**Problem description**
The lines to repeat are those below from the one containing "Boys from the" down to the one containing "Side view of", both included; reproduce them exactly and nothing else.

Source records:
◇ ◇ ◇ ◇ ◇
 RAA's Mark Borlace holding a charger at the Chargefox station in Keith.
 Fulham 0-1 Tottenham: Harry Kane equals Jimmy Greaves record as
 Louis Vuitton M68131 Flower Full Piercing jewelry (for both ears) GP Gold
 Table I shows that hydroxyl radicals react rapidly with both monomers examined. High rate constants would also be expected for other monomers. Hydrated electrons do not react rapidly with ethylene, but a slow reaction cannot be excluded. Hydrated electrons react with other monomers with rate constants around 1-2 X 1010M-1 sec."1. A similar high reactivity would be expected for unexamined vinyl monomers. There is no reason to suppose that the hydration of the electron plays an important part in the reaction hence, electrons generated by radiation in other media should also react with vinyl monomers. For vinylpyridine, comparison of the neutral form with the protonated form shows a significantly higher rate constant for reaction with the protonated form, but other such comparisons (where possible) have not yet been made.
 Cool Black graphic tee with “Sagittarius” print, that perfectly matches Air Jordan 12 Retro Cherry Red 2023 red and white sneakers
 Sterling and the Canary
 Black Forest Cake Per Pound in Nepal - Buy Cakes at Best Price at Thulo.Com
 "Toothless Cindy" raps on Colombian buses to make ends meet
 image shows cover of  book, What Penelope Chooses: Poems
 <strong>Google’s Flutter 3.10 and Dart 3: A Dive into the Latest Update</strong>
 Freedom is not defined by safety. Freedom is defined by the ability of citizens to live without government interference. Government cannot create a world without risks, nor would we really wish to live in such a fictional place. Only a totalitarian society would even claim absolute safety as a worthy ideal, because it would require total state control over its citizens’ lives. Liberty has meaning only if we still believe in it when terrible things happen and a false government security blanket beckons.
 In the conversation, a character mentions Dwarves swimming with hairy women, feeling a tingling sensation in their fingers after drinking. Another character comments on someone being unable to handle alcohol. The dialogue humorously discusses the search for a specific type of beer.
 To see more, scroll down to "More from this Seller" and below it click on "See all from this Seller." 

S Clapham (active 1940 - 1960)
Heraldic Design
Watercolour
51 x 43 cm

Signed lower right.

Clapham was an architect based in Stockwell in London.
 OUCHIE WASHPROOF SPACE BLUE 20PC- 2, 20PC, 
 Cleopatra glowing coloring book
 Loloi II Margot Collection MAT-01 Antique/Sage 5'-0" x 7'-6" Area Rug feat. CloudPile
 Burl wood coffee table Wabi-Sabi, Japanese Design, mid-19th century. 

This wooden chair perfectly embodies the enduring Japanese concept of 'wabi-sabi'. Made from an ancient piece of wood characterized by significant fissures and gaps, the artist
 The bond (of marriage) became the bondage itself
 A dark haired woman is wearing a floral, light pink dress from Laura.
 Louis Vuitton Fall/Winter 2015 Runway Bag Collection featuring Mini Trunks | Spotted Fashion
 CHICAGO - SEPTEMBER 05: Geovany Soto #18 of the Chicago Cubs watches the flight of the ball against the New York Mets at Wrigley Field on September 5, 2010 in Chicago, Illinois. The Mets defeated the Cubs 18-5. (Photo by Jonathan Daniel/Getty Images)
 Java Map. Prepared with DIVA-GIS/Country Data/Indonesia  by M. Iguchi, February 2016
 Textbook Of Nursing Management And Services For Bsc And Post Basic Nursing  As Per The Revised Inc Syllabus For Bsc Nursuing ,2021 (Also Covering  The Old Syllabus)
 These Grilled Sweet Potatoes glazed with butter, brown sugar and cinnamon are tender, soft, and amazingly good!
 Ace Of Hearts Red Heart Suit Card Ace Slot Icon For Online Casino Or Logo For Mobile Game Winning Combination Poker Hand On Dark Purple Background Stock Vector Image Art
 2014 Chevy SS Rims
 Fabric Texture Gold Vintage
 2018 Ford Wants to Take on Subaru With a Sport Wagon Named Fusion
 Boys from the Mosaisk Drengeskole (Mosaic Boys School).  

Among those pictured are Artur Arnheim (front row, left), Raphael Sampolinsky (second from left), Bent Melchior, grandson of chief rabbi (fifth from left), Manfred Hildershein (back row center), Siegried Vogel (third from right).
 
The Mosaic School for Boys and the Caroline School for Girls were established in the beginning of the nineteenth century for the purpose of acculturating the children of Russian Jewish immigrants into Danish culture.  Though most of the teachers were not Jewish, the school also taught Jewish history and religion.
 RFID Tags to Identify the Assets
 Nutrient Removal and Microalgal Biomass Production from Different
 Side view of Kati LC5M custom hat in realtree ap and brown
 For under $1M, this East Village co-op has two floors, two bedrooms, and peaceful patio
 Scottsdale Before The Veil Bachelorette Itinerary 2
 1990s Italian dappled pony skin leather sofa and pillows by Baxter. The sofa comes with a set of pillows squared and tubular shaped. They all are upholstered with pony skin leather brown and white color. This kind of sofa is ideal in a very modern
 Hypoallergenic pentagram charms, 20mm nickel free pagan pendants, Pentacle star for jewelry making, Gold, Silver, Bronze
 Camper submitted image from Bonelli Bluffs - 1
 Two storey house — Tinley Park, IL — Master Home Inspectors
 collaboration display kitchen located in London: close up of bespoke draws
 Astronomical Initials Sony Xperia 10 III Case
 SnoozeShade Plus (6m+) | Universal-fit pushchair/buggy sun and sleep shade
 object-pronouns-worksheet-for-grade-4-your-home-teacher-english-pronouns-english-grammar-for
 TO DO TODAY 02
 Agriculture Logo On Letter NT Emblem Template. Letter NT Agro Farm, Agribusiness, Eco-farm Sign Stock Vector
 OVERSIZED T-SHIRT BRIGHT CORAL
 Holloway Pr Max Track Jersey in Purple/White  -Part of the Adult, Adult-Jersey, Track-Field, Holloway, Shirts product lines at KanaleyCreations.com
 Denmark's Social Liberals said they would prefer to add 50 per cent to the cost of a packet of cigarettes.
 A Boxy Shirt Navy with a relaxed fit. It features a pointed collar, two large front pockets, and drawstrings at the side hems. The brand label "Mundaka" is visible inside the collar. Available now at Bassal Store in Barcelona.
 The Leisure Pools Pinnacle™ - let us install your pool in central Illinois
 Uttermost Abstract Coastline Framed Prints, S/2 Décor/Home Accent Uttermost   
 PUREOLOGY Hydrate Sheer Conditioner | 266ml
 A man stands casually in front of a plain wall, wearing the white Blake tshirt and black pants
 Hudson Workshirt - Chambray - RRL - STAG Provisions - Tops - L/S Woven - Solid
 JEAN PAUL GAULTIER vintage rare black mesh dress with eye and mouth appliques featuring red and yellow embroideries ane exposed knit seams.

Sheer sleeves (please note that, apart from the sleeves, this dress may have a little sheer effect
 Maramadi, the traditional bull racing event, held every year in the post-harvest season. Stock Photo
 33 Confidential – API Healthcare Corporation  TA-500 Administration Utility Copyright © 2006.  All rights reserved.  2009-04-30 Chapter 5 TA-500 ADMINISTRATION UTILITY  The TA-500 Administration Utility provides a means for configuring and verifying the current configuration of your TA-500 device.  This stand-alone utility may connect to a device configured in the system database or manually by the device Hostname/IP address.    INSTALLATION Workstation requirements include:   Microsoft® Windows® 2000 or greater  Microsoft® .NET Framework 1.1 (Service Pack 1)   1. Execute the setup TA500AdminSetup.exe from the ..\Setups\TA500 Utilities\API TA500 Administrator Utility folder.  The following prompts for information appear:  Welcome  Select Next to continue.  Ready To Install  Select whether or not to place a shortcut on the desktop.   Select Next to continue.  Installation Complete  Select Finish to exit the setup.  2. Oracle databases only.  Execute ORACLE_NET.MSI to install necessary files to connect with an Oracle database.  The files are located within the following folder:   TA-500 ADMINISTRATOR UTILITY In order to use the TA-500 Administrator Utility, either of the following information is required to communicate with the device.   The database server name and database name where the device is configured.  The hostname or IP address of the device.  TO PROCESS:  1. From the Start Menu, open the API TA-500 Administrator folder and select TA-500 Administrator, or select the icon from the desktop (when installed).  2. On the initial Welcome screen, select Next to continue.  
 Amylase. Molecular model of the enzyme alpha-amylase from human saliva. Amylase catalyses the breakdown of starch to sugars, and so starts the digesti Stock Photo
◇ ◇ ◇ ◇ ◇
**Result**
 Boys from the Mosaisk Drengeskole (Mosaic Boys School).  

Among those pictured are Artur Arnheim (front row, left), Raphael Sampolinsky (second from left), Bent Melchior, grandson of chief rabbi (fifth from left), Manfred Hildershein (back row center), Siegried Vogel (third from right).
 
The Mosaic School for Boys and the Caroline School for Girls were established in the beginning of the nineteenth century for the purpose of acculturating the children of Russian Jewish immigrants into Danish culture.  Though most of the teachers were not Jewish, the school also taught Jewish history and religion.
 RFID Tags to Identify the Assets
 Nutrient Removal and Microalgal Biomass Production from Different
 Side view of Kati LC5M custom hat in realtree ap and brown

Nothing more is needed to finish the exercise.